How to handle crash ( due to any reason ) during delta table merge on the target delta table ? Will it creates duplicate records if i re-ran partial failed (crash) merge command on the same target delta table but source delta table ( (some records have been updated or inserted) ) gets updated each time.
Assume the following scenario : (Note: Each record contains the primary key based on which merge is performed.)
In Run-1, we have source S1 with 10 records ( 5- update , 5- insert ) and Target with 100 records after merge, target delta table will contain 105 records.

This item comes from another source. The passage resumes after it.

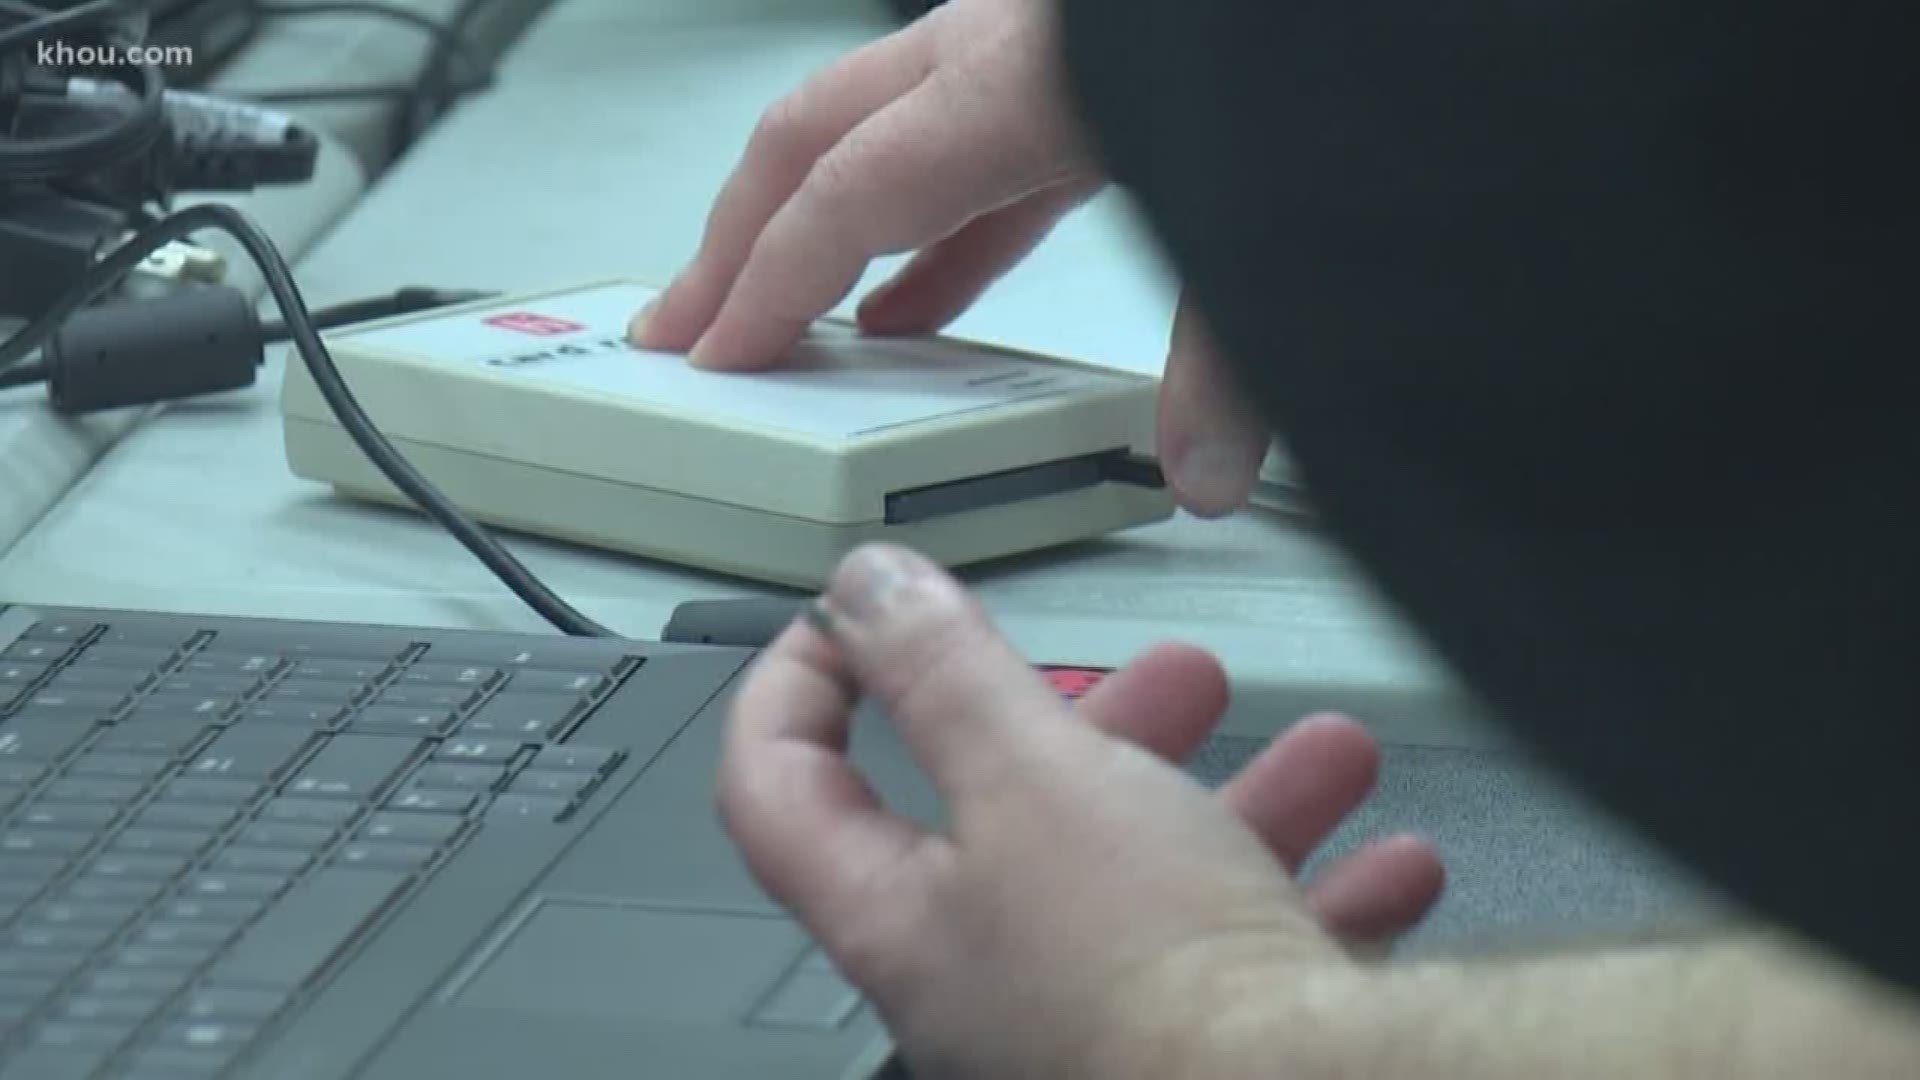 Harris County is using a new system to tally votes during the Texas primary.

In Run-2, we have source S2 with 5 records ( 2-update , 3- insert) and Target delta table with 105 records and merge have failed after writing partially ( 2 records have been inserted and 1 record have been updated ).
As above Run-2 have failed, we re-ran the job again. But this time S2 (source delta table got updated) will contain 7 records ( 3-update,4-insert) which includes the previous 5 records (2- update , 3- insert) + current 2 records ( 1 -update, 1- insert ) .
Note : In re-ran of Run-2 , all 7 records are unique.
So if perform merge again on the target delta table, will it insert the already inserted records and create duplicates ?
Note : Currently txnVersion & txnAppId is supported for overwrite, append , streaming merge.
Version :
delta version : 2.3.0
spark version : 3.3.2
hadoop version : 3.3
Any help on the above issue ?